Re: [Axiom-math] if-expression and variables

[Ralf Hemmecke]

> But the question is not intrinsically a "programing construct".

What does that mean?

> With some (bulky) symbolic logic constructs one can express it in a
> mathematical sense. That is: set membership and "exclusive or".

You want to rewrite the if-statement into set membership and exclusive or?

> I wouldn't have the slightest idea how to implement it in Axiom;
> nonetheless questions like this have non programmatic expressions.

I must admit I don't quite understand what exactly you want to do.
Can you give a more explicit use case. Maybe something written in 
another CAS which you want to turn into an AXIOM equivalent.

> For instance Prolog has an explicit resolution syntax that is
> reasonably obvious and supports embedding logic conditions on and
> on. As I recall you can even extend it to second order logic.

Good for Prolog, but Axiom is not Prolog. ;-)
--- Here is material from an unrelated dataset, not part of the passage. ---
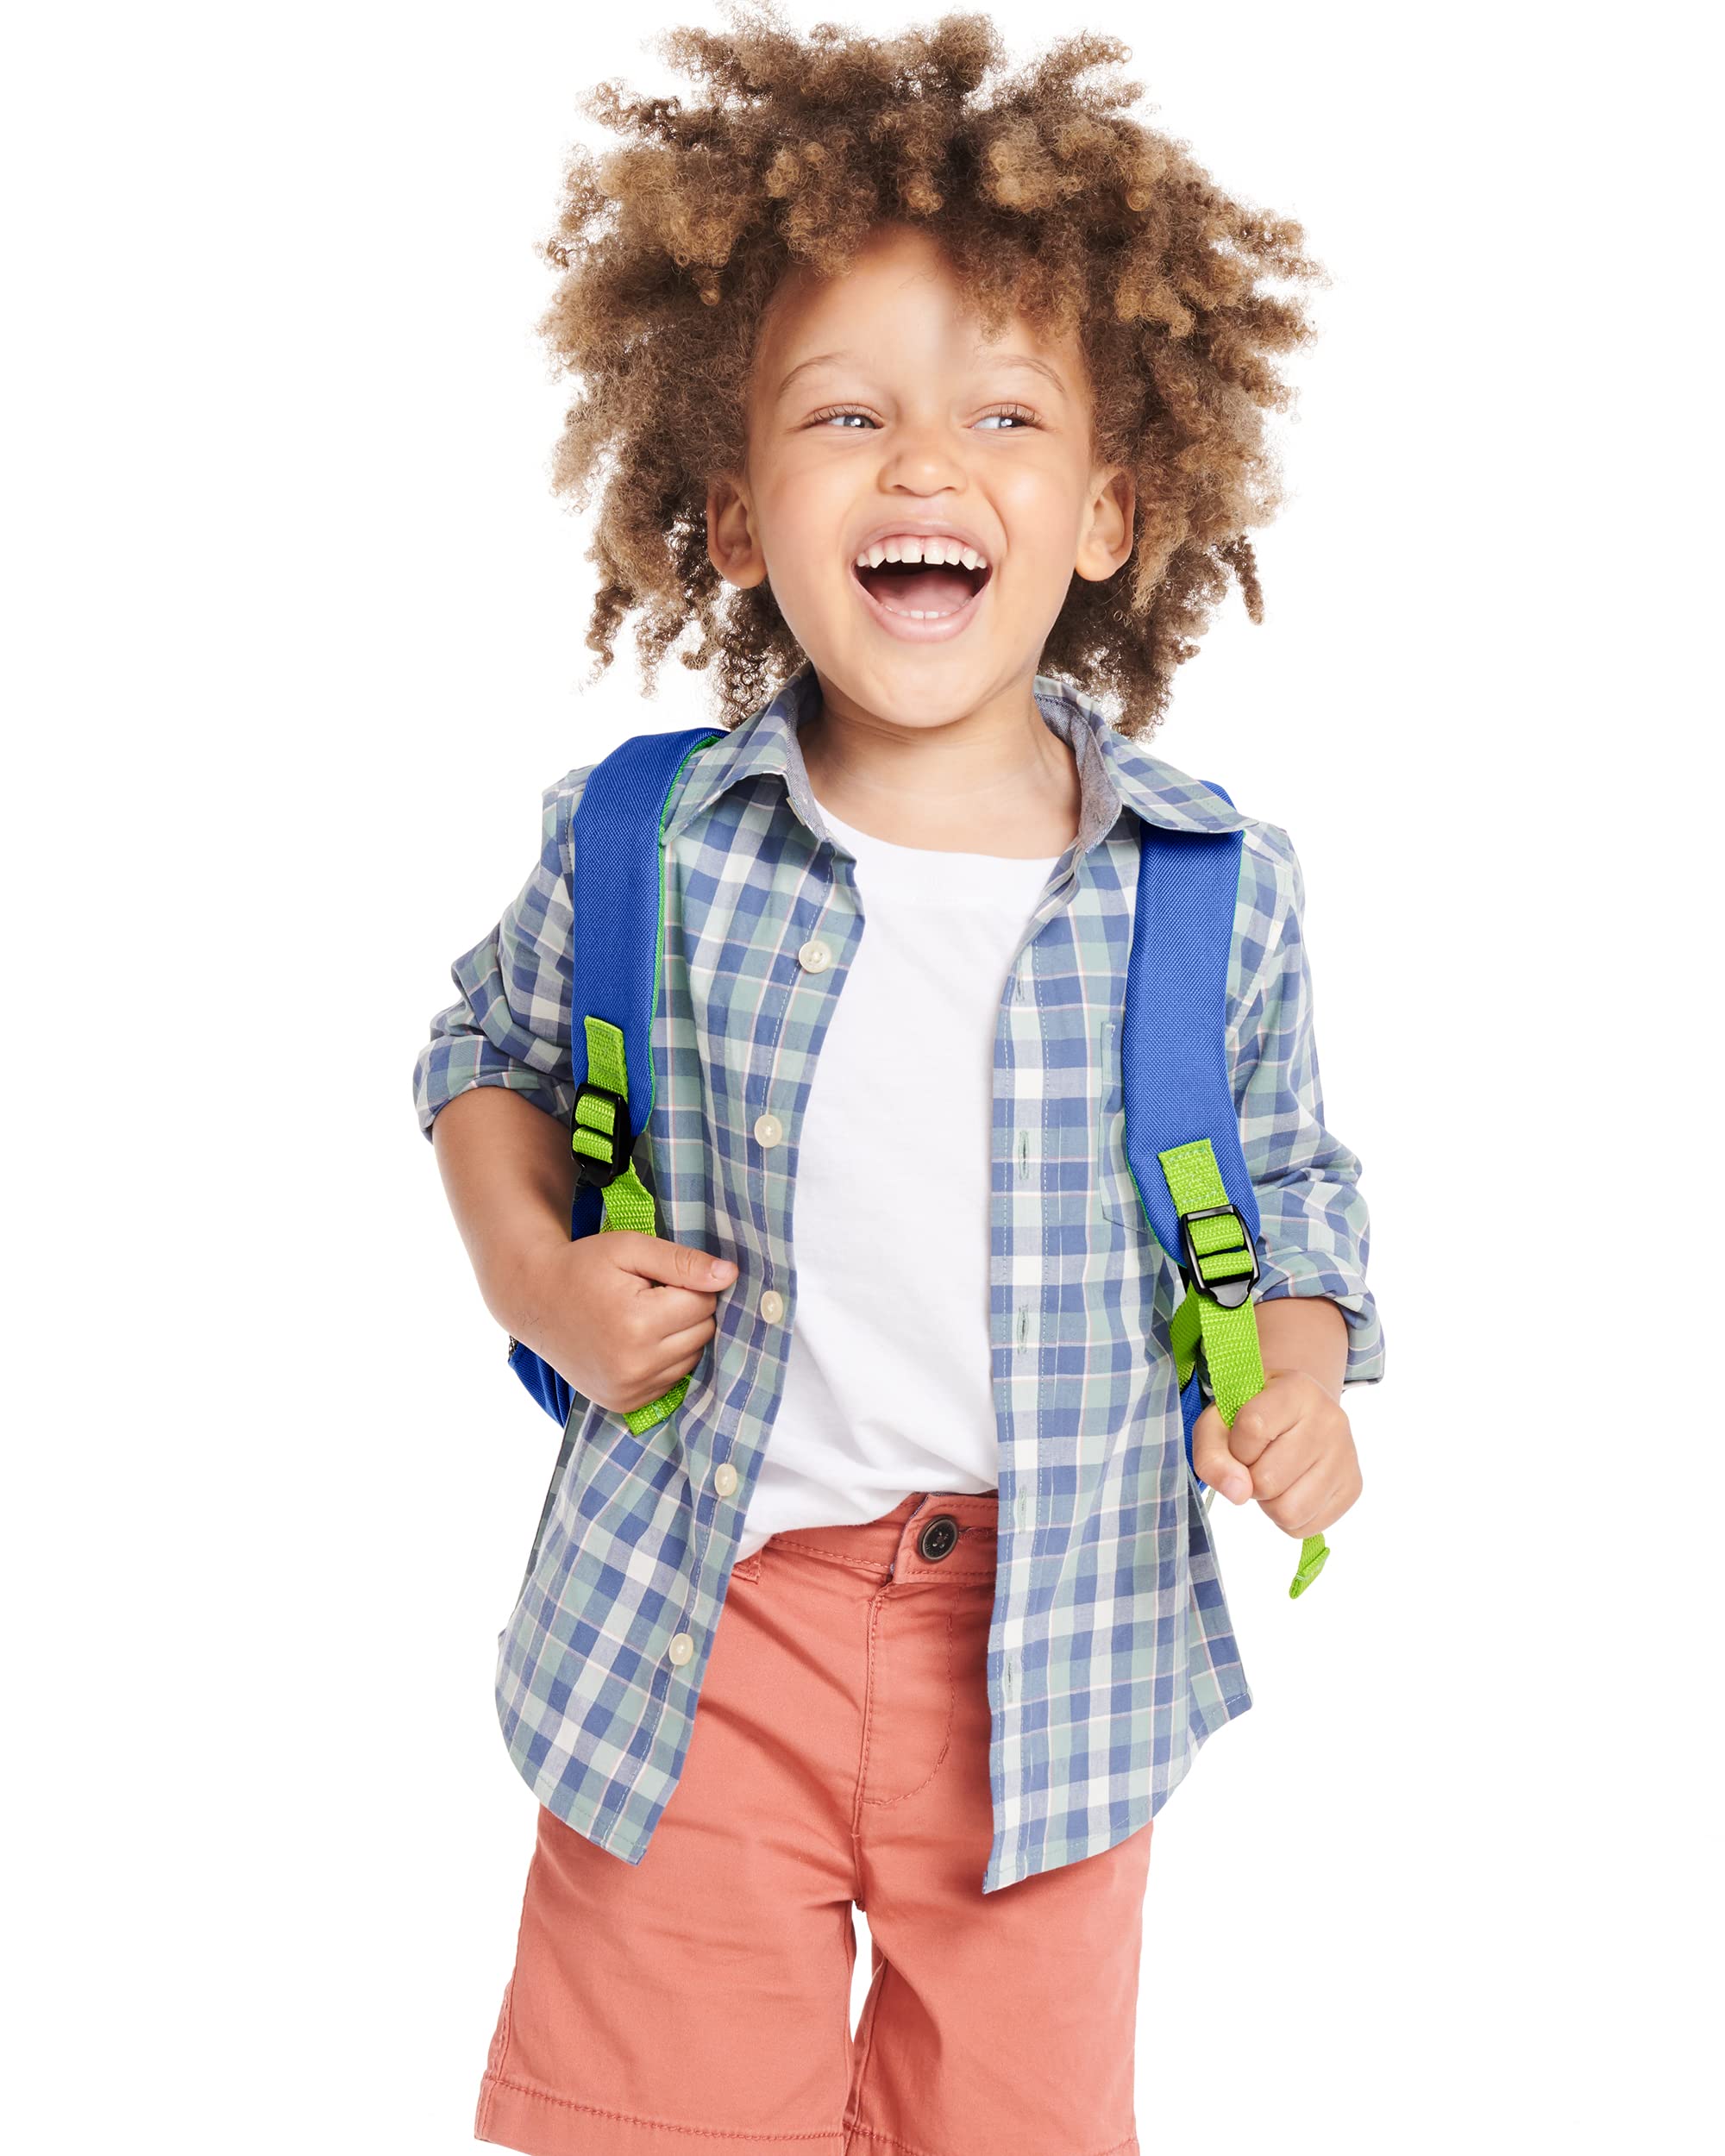 Skip Hop Toddler Backpack, Zoo Preschool Ages 3-4, Dinosaur
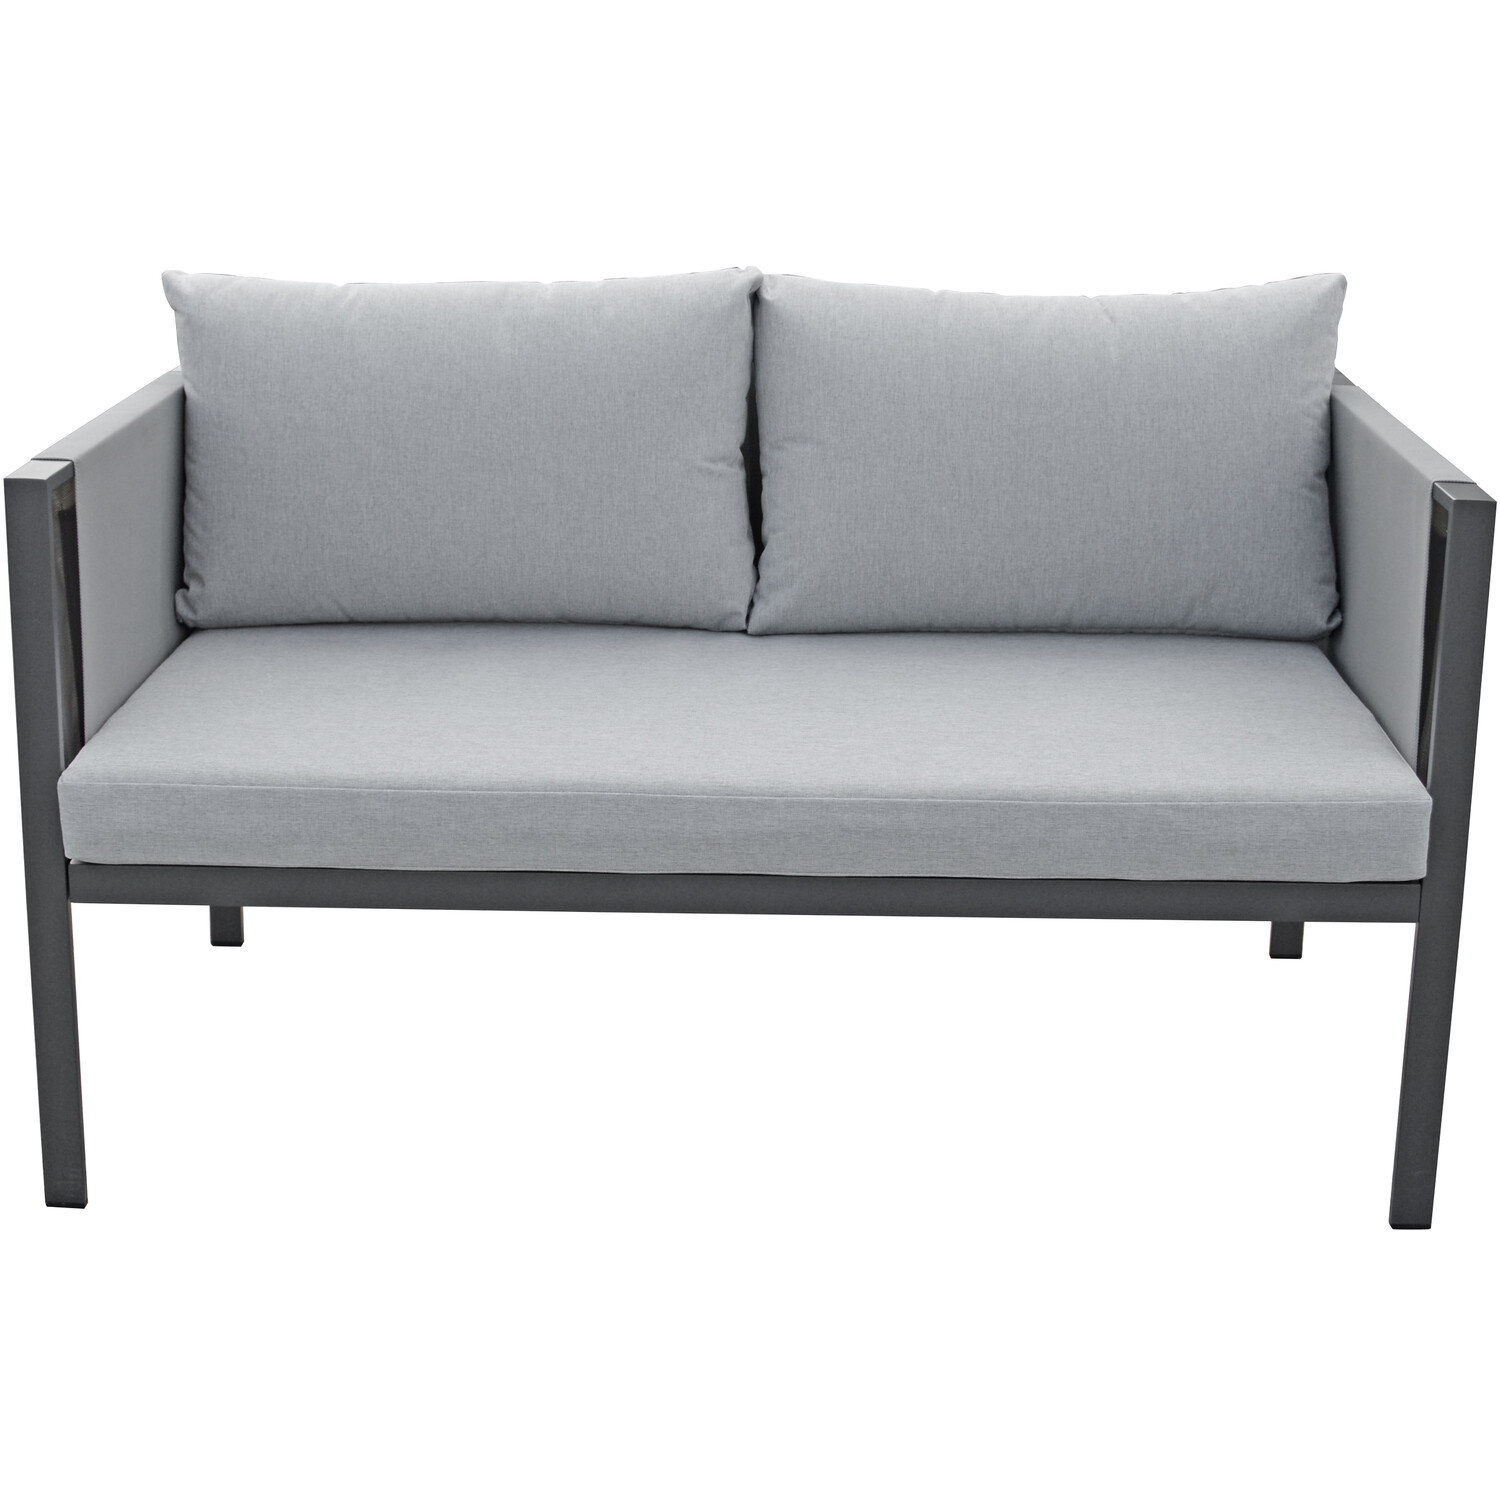 Sicily 4 Seater Grey Sofa Lounge Set Image 7

To give a few hints. As Bill already said, Axiom is more an algebraic 
system rather than a symbolic one. Of course, since Axiom has a proper 
programming language underneath, one can do everything, but the question 
is, how much is already implemented.

The first questions, when one programs with Axiom usually are:
What is my "domain of computation"?
(That is basically like with universal algebra. What is the carrier set 
and what are the operations?)
How are the elements of the carrier set represented in terms of already 
existing (library) types?

Now answer that questions for the "if-expression". It's a rather general 
thing and can certainly be represented by something like a LISP 
S-expression. But that's too general to fall into a reasonable algebra, 
except (maybe) a boolean algebra.

As William stated, "x<10" makes no sense in general. Or rather is is 
just a sequence of symbols. It only makes sense if you can say what "<", 
"x" and "10" actually are in this context. Or maybe it stands as an 
abbreviation for "(lambda x).x<10". In fact, usually Axiom wants typed 
expressions. Remember, everything in Axiom has a type. (It's only the 
interpreter that makes your life as a user easier by accepting things 
without explicit type information. --- I actually think, it makes it 
harder to understand Axiom.)

Again. What is your use case?

Ralf